The story of Museum Sage
Museum Sage was created by writer and performer Jon Spayde in response to his wife, Laurie Phillips, being bored by just mechanically looking at a painting then reading the wall description, looking, reading, looking, reading. Jon had been studying books by the French Surrealists and, in the twinkling of an eye, used them as inspiration to come up with a whole different way to see art. A new paradigm was born.
Since the creation of Museum Sage, thousands of people have benefited from using this sacred and fun practice to experience art in a whole new way — as well as getting direction to some pretty gnarly life issues.
The art history behind Museum Sage
The immediate inspiration for Museum Sage was the outing that Andre Breton and Alberto Giacometti made to the Saint-Ouen flea market in 1934, recounted in Breton’s L’Amour Fou (Mad Love) of 1937. As they strolled in the market in a state of dreamy receptivity, Giacometti found himself drawn to an enigmatic metal mask that might have been used in fencing, and Breton to a long ladle with a tiny backpiece on which it rested, the backpiece having the shape of a shoe.
A little while after bringing them home, the artists realized that the mask and ladle were “speaking” to them. The mask helped Giacometti find forms to complete the face of a figural sculpture he was working on, and the ladle, with its shoe-backpiece and its resemblance to a ballet slipper, catalyzed in Breton the childhood memory of hearing the story of Sleeping Beauty and her glass slipper.
This ability of chance objects, seized upon without forethought, to answer questions and evoke personal memories suggested to us that encounters with artworks or historical objects could be similarly productive, if we could induce in inquirers a similar kind of reverie — turn them, that is, into temporary Surrealists. The dreamlike state created by inviting the Museum Sage practitioner to tune into their other senses and helping her or him through the museum’s space has its roots in Surrealist oneiricism.

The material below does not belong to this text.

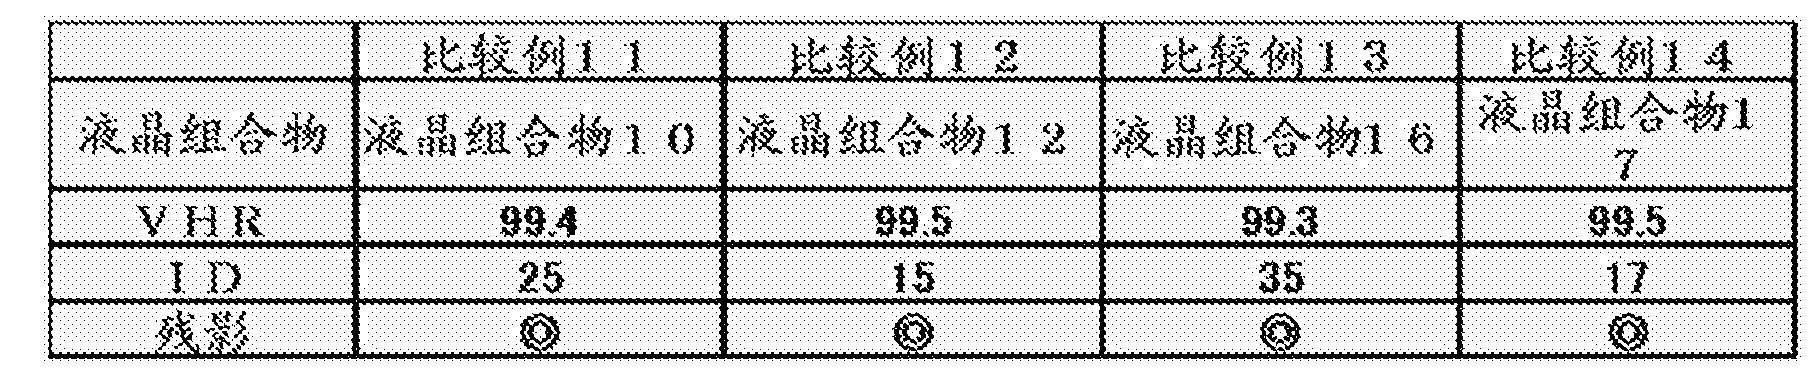 Figure CN105745572AD00491
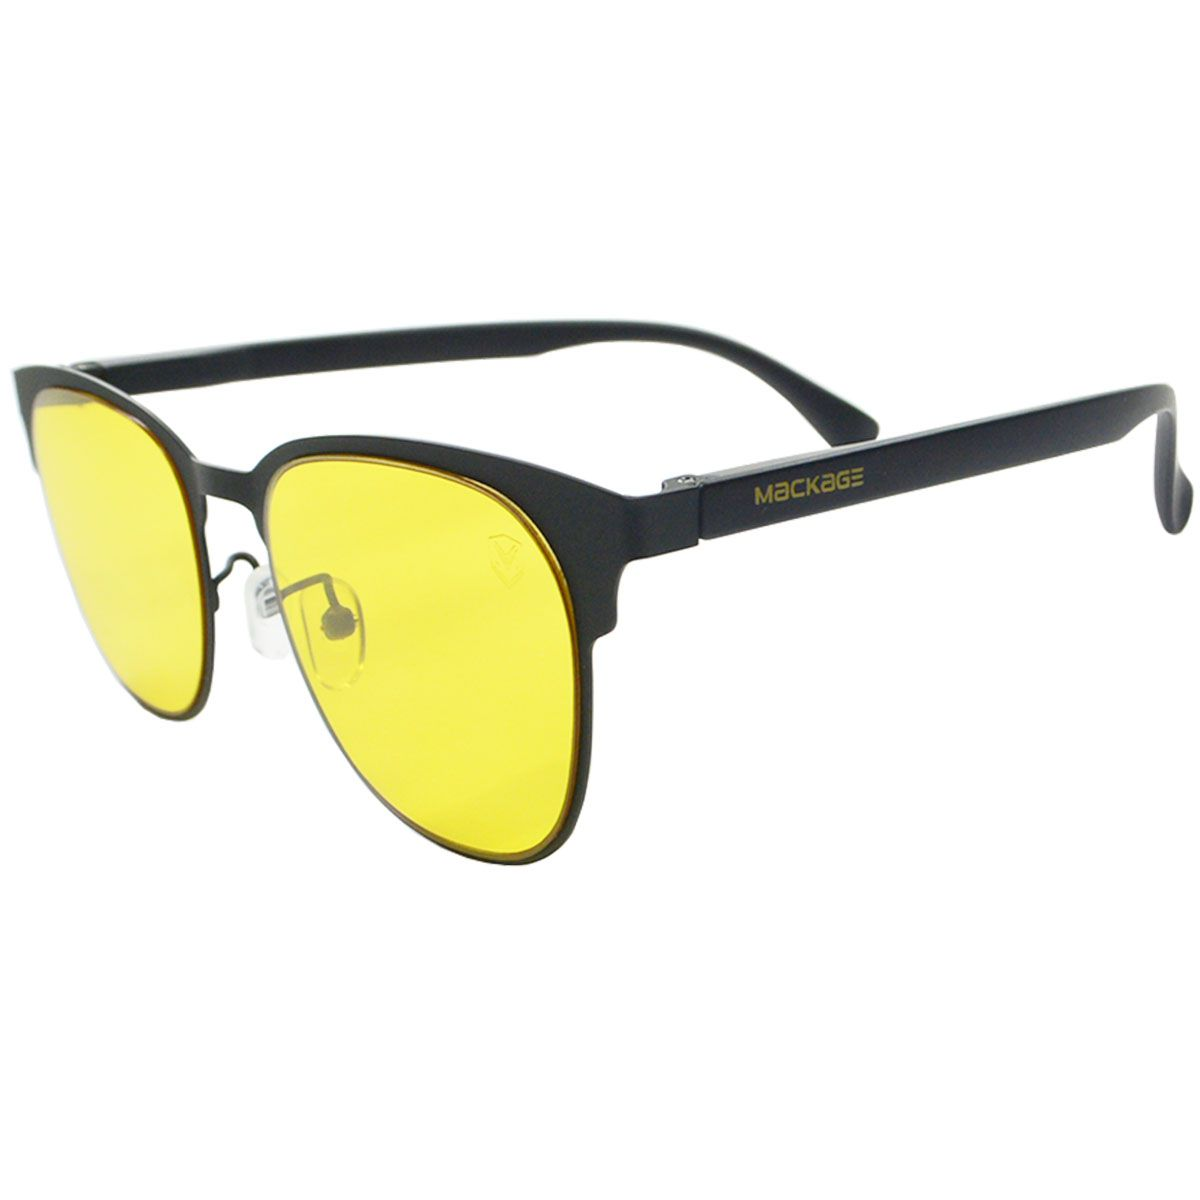 bcd74d80fb4db Óculos de sol MACKAGE BRASIL

Our wandering also pays homage to those offspring of Surrealist flanerie, the Situationist dérive and the contemporary exploration of mind and space called psychogeography.
We realized that we wanted to initiate the entire process — the choosing of the section of the museum in which the Museum Sage session would take place — in an aleatory way, by having the inquirer close his or her eyes and choose a gallery and artwork number. Thus we uphold the Cagean principle, enunciated by the great Los Angeles performance artist Rachel Rosenthal (and suitable as a motto for all of Museum Sage) that “chance knows what it’s doing.”